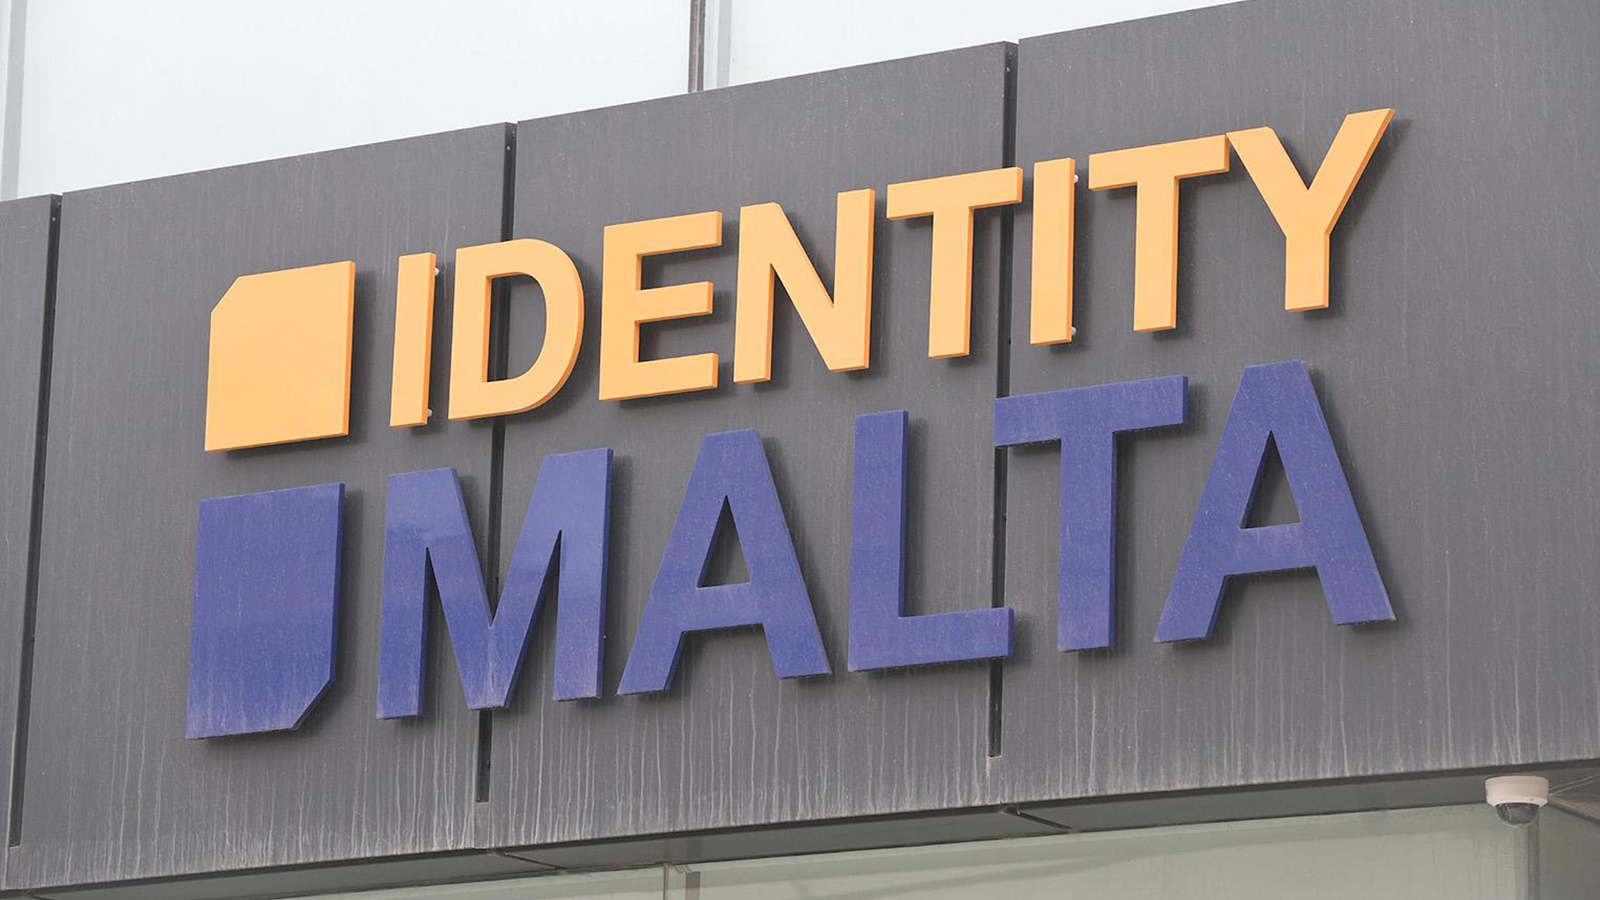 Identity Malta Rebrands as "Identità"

...

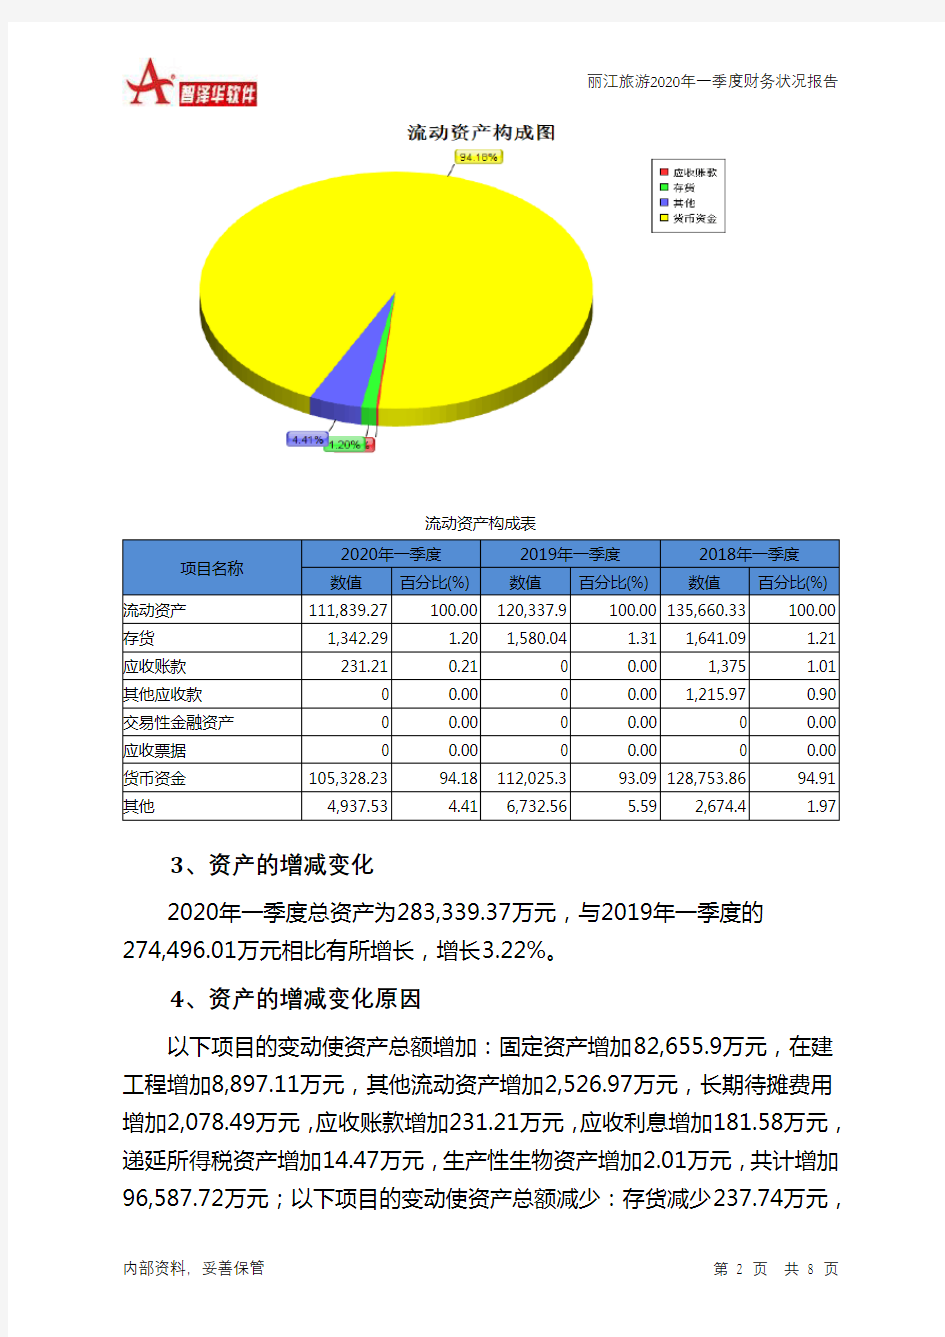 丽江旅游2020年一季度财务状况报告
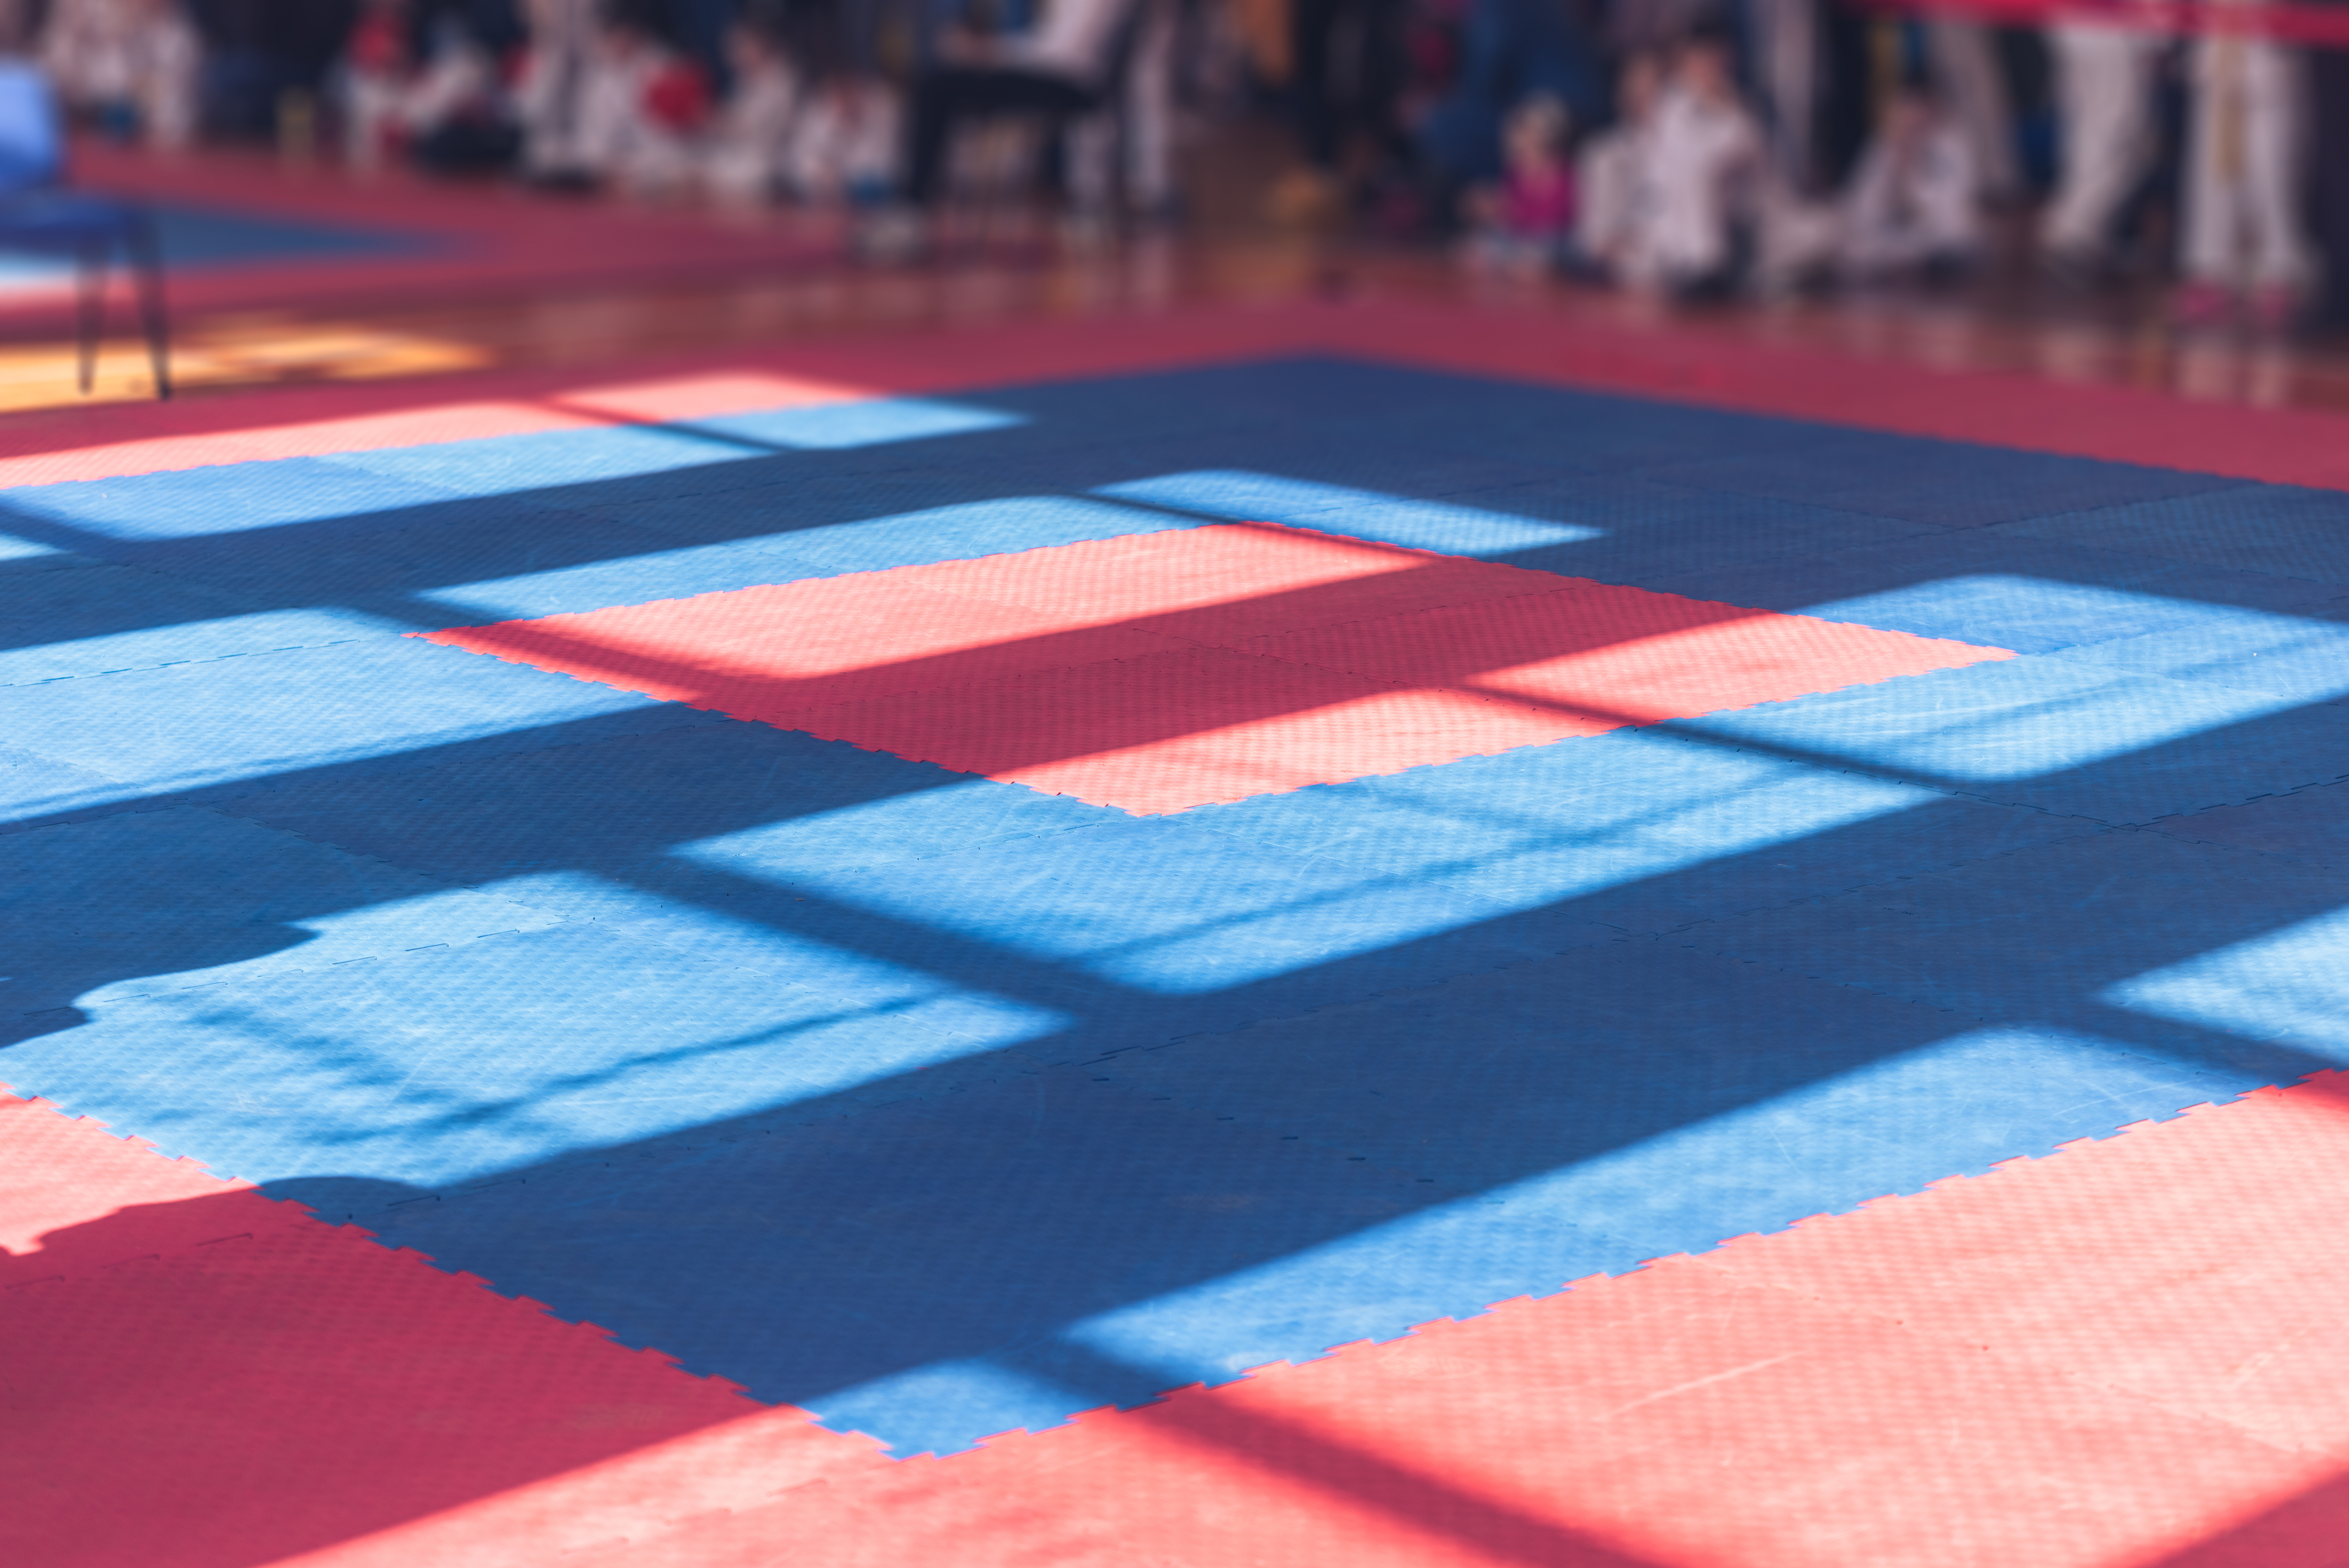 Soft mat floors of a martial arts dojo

* * *

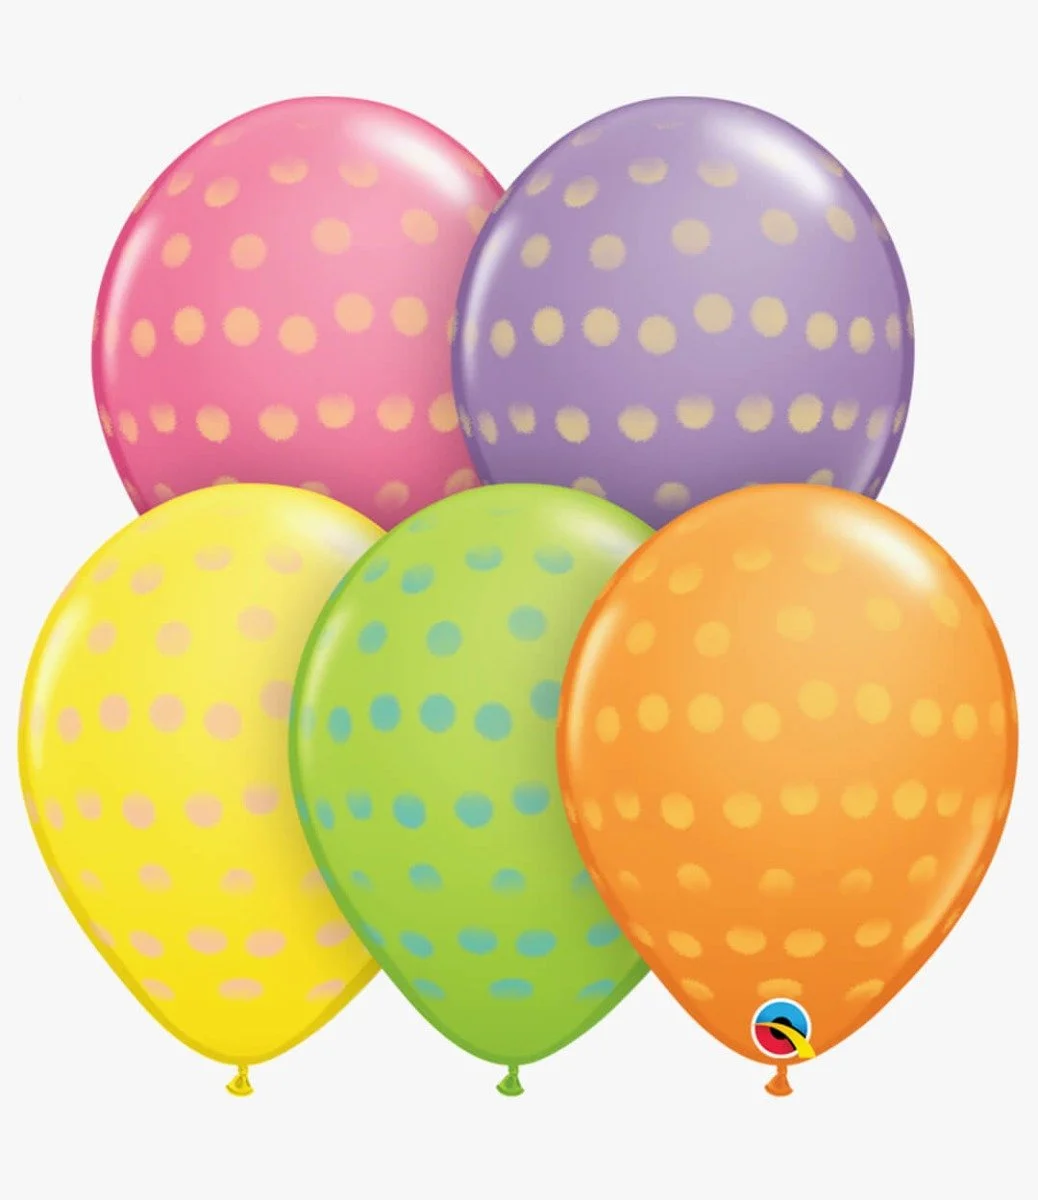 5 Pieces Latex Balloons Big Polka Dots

◆ **WHAT TO PRODUCE**
The response must repeat exactly the lines above from the one with "丽江旅游2020年一季度财务状况报告" through the one with "Soft mat floors of a martial arts dojo", including both, and must contain no pictures and no other text.

◆ **ANSWER SPACE**
 丽江旅游2020年一季度财务状况报告
 Soft mat floors of a martial arts dojo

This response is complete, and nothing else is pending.